To provide an overview not only on the structure, but also on the available content, we designed a web-based data mining tool which visualizes the number of non-missing values by class and by item. This tool has been applied to other medical domains19 and is available on the Internet from http://mdplot.ibe.med.uni-muenchen.de/.
Figure 5 provides detailed information on the cytogenetics data (for further information on this kind of analysis see Ref. 19).
This web-based data mining tool enables the identification of variables, which are suitable for statistical evaluation and helps to avoid bias due to missing values.
Statistical analysis was performed with standard software packages (http://www.spss.com). Because follow-up data from the AML-CG20 study were included into the database we were able to confirm the prognostic relevance of specific cytogenetic or molecular genetic anomalies.11,21,22,23,24,25
The detection of new chromosomal aberration patterns is supported by a specific program providing frequency distributions of chromosome breakage points ordered by disease.
Impact of integrating clinical and genetic data
The rapid progress during the past years in the field of molecular biology in general and particularly in genomics is a major driving force in the evolvement of the new discipline Bioinformatics. There is, however, a substantial gap between genomics and proteomics on the one hand and progress in clinical medicine on the other. To identify genetic patterns which are relevant to patients in general, genomic data – in the most general sense – must be linked with clinical data in the context of large clinical trials. The following basic question must be answered for any diagnostic parameter: Is it relevant to the patient?

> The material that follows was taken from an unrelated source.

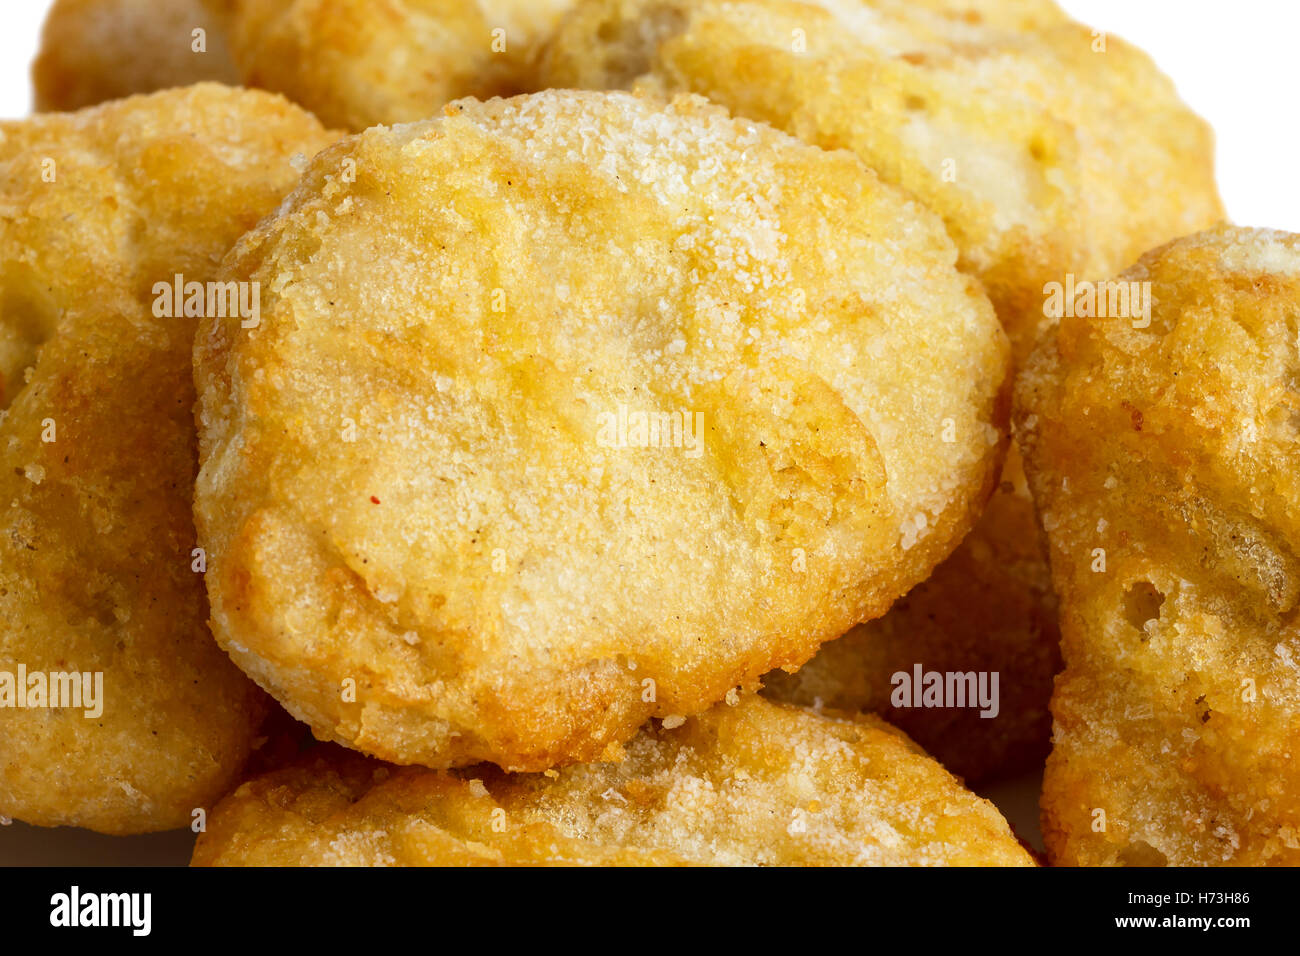 Detail of frozen battered chicken nuggets uncooked. Stock Photo

To speed up the knowledge transfer from molecular biological research into clinical practice, prognostic relevant variables, ie parameters that are highly correlated with important medical outcomes like patient survival, must therefore be distinguished from surrogate markers. For this reason a close co-operation between Medical Informatics and Bioinformatics is Important, as stated by Kohane,26 Altman27 and Miller.28 Biomedical databases are characterized by complex and dynamic data structures. Formalization of medical facts is a well-known, non-trivial problem.29 More than 800 variables per patient were needed for the leukemia database. The effort required for system design is characterized not only by the number of items but also by the intensive fine tuning of the system.

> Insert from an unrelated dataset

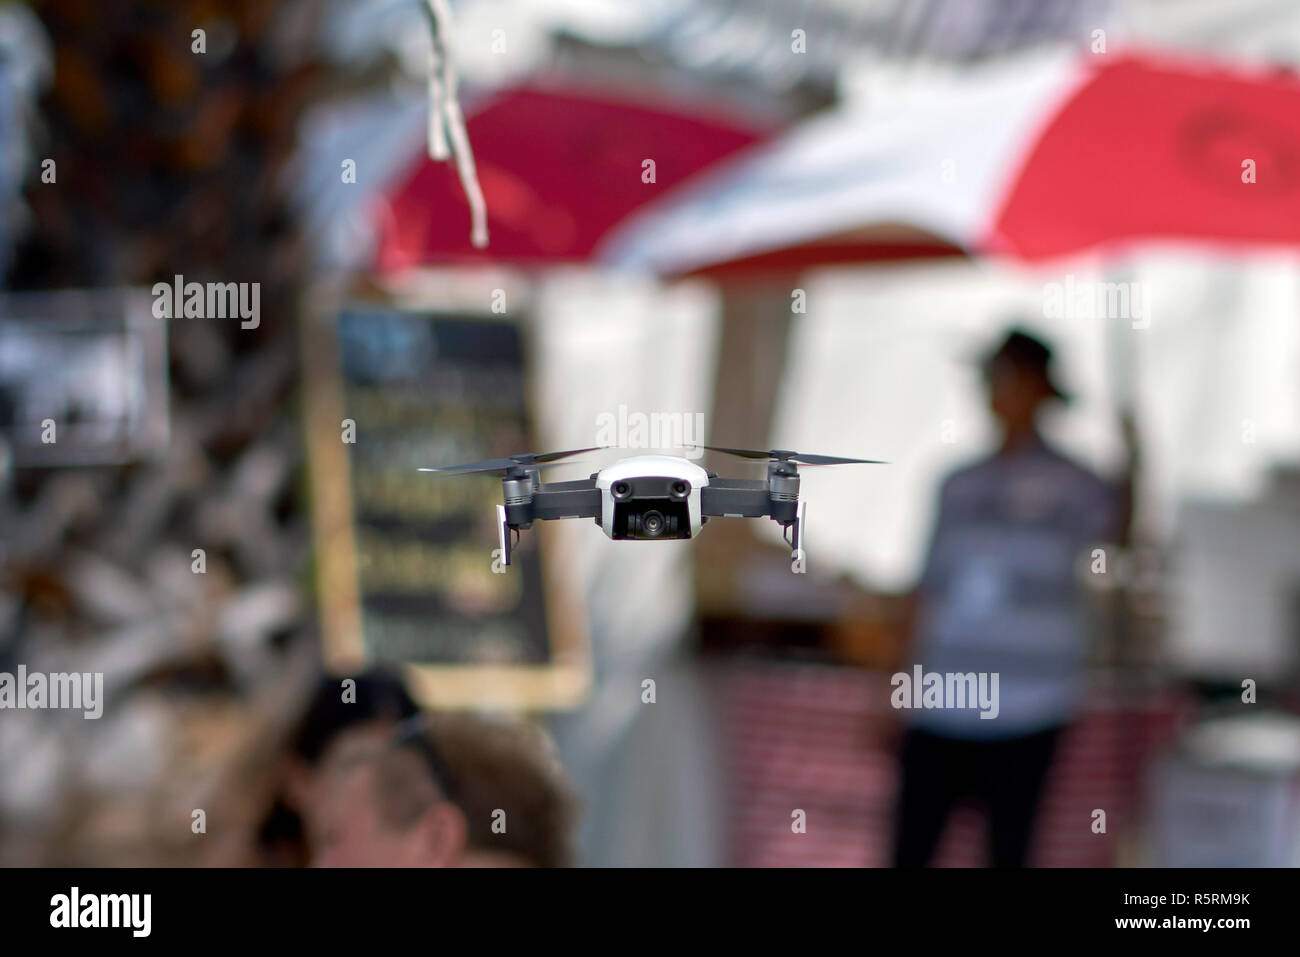 DJI Mavic Air drone flying low amongst the crowd at a demonstration Stock Photo

The integration of clinical and genetic data generates new scientific results; some examples in the field of leukemia research are provided in Refs11,21,22,23,24,25
Integration of clinical and scientific documentation requires significant efforts, but is feasible and provides better data quality and therefore faster research results. Before the integrated database was available, we lost up to 50% of cases when we combined several data sources automatically due to mismatch of patient demographic data and other inconsistencies.

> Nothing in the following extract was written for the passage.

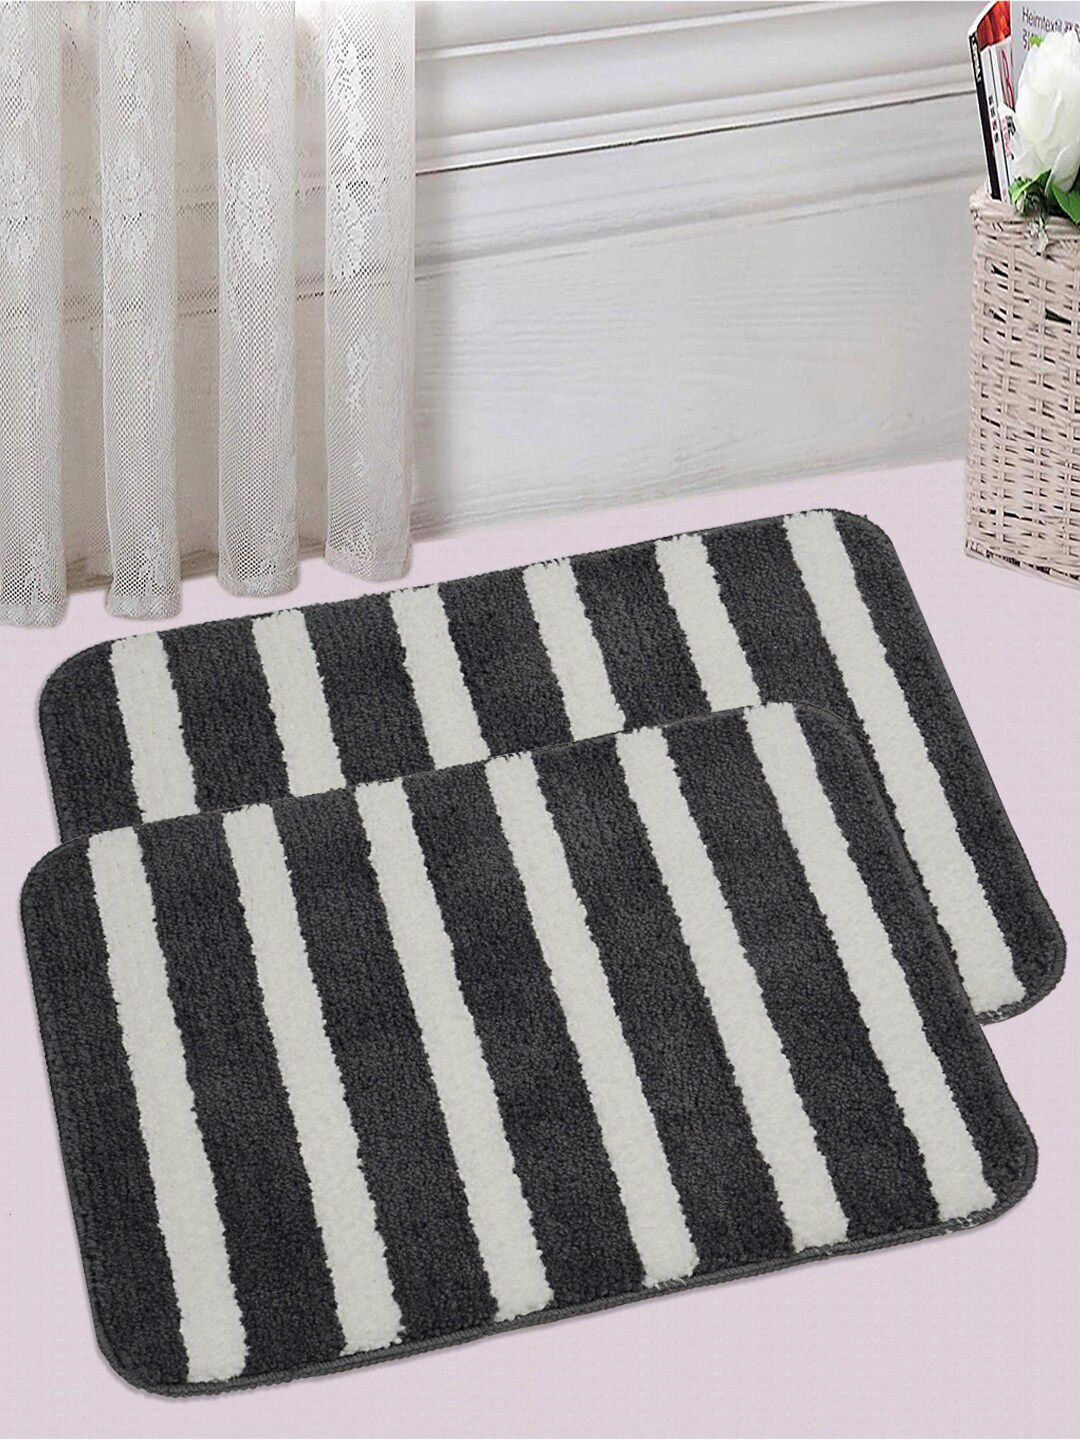 Saral Home Set Of 2 Grey & White Striped 833 GSM Microfiber Bath Mats Price in India

Now comprehensive reports on data quality are possible; this is very important to manage the content of the system: missing or presumably wrong values can be identified and corrected in time. One might argue, by means of range and cross checks, that data quality should be enforced during data entry. In the context of workflow integration, this is not recommendable, because often intermediate results have to be stored.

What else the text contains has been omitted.